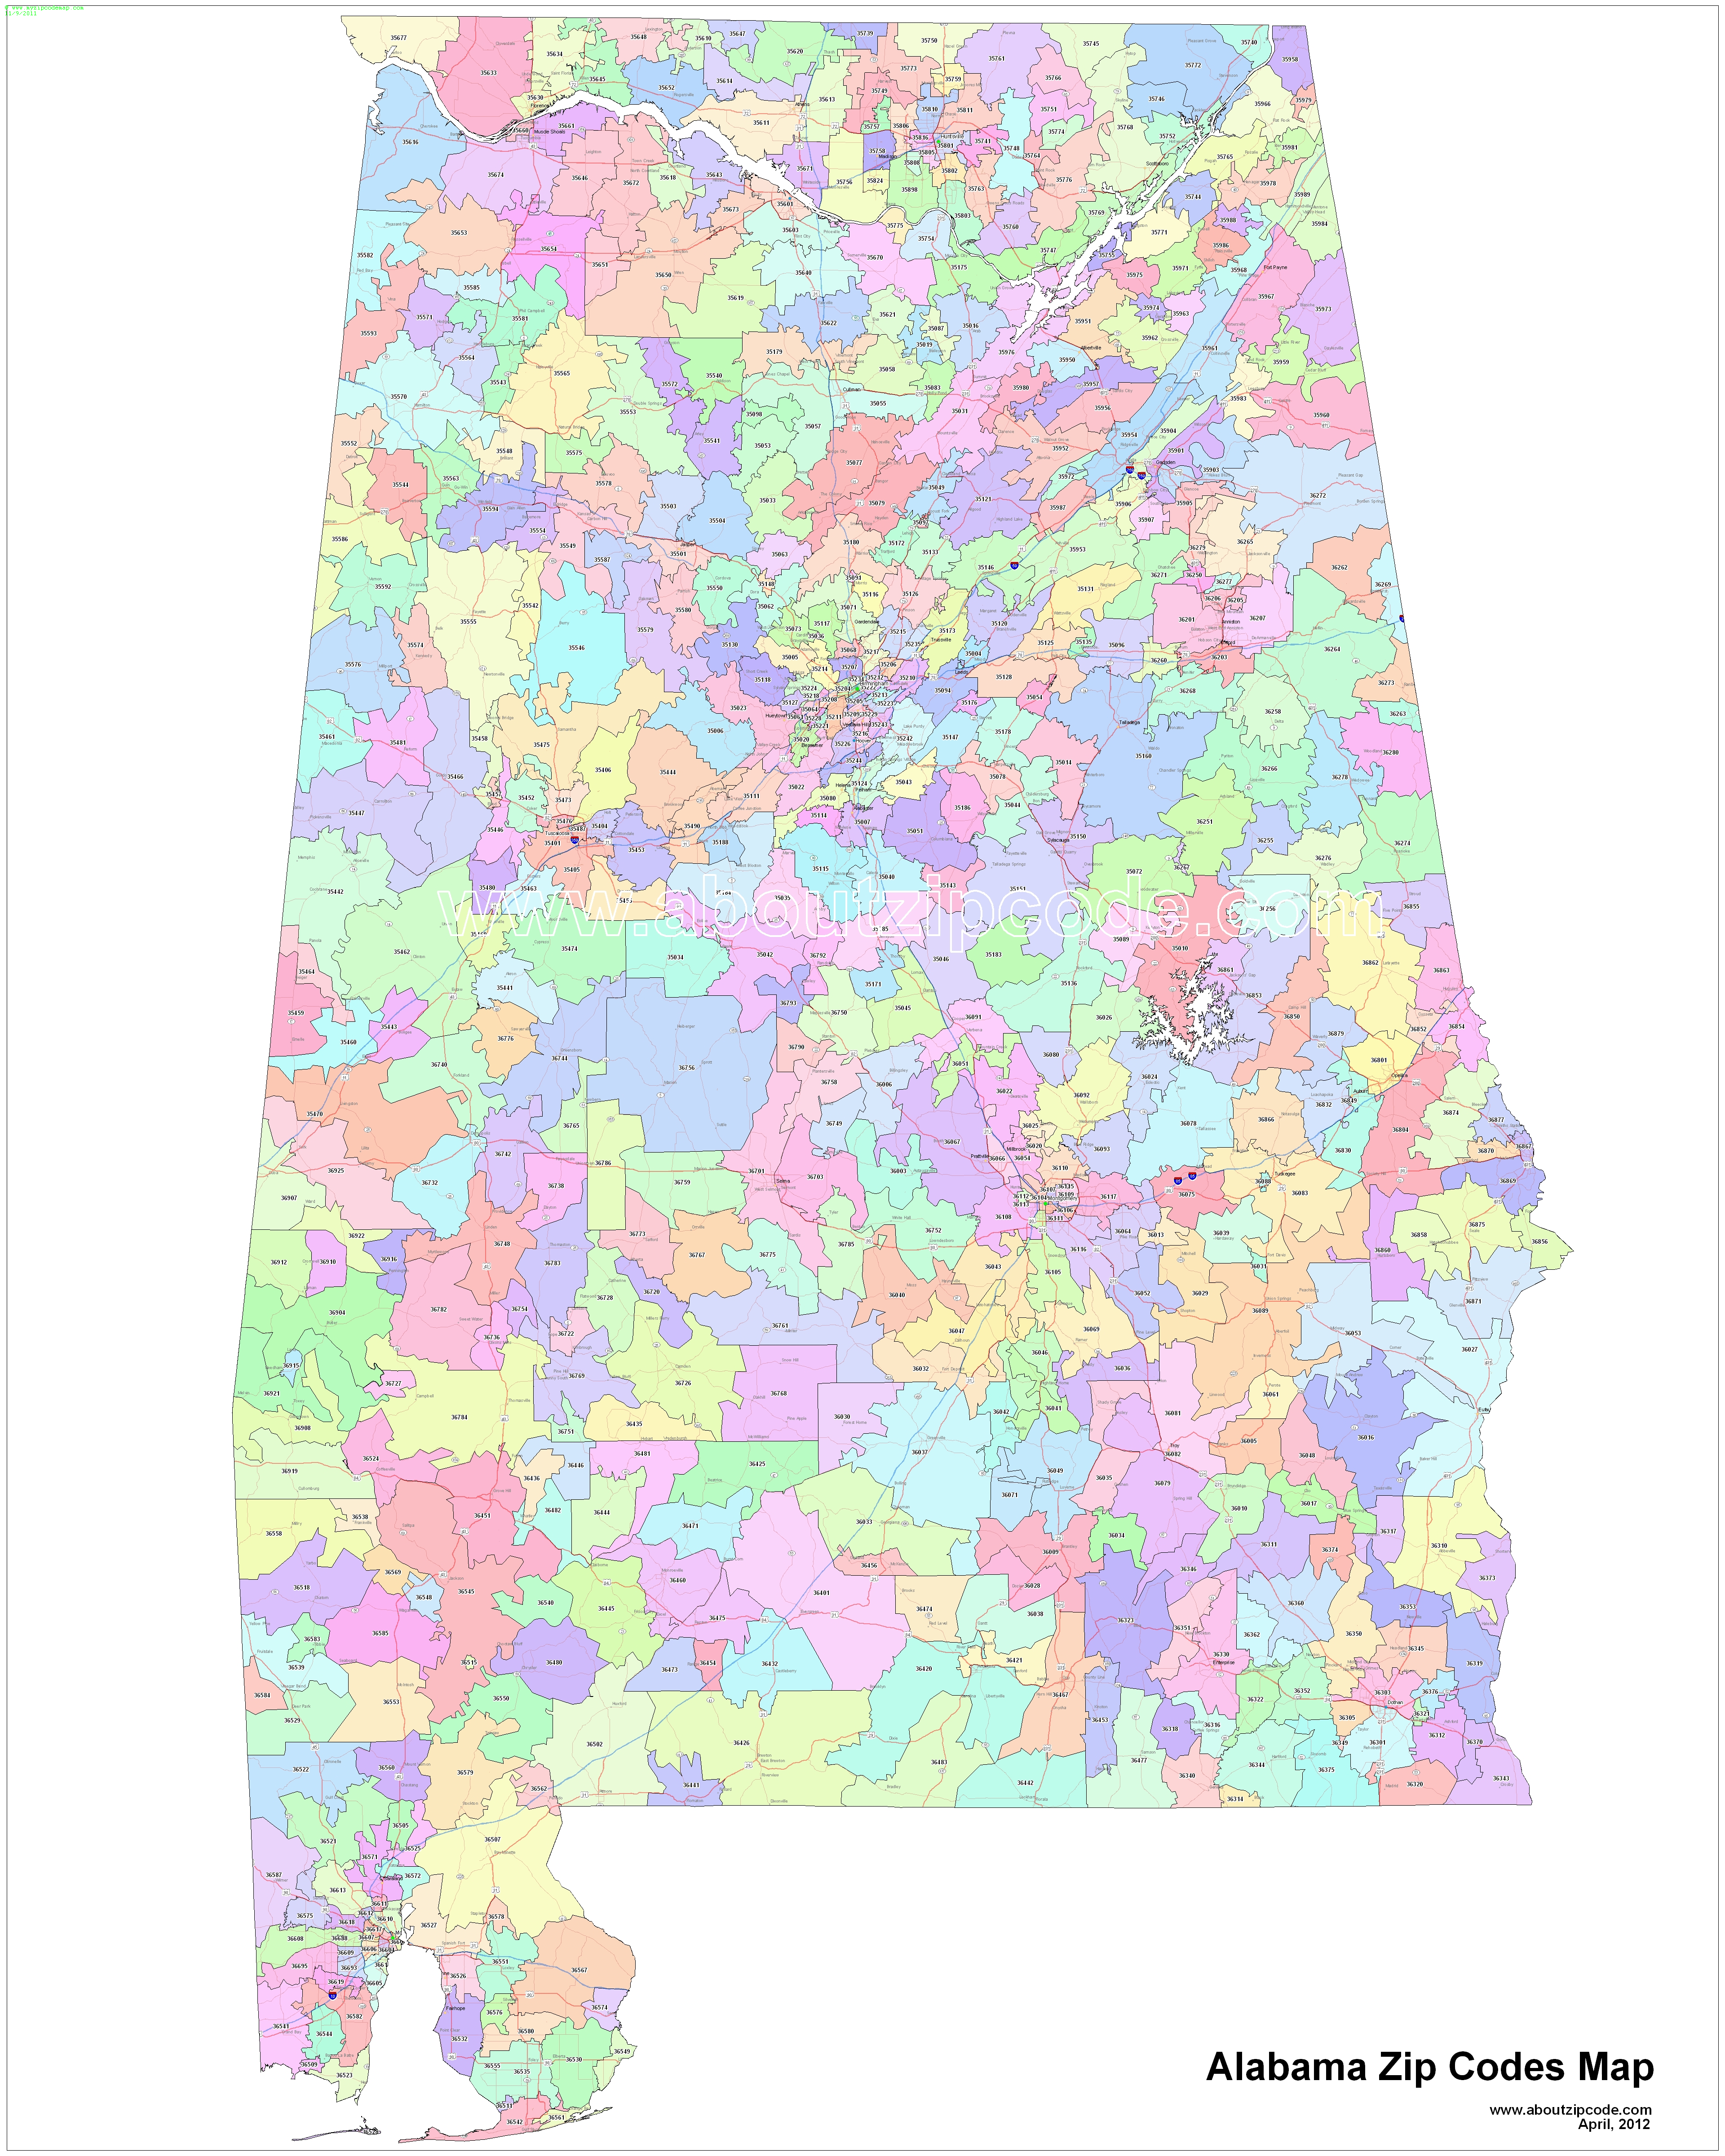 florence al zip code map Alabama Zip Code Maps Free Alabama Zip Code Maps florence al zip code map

· · · · · · ·

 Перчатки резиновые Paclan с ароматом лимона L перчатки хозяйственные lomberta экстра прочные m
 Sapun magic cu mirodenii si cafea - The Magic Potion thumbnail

· · · · · · ·

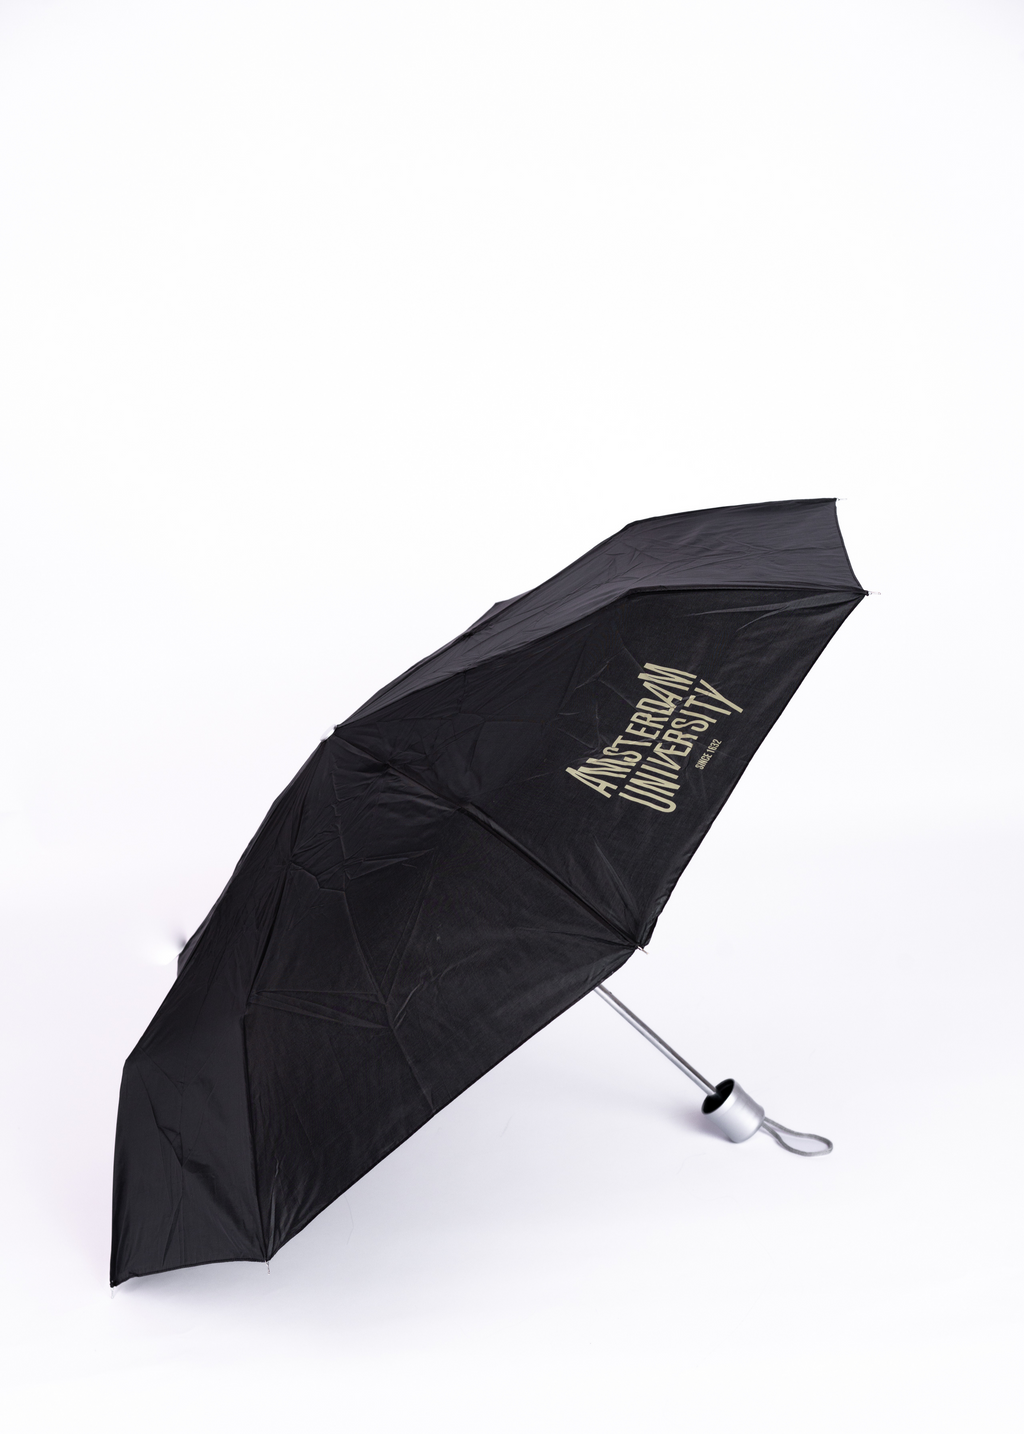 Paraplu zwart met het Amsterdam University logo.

· · · · · · ·

• [What you should do] Above are the entries. Copy exactly the part that opens with the line containing "Перчатки резиновые Paclan" and closes with the line containing "Sapun magic cu", and no more.

• [Solution]
 Перчатки резиновые Paclan с ароматом лимона L перчатки хозяйственные lomberta экстра прочные m
 Sapun magic cu mirodenii si cafea - The Magic Potion thumbnail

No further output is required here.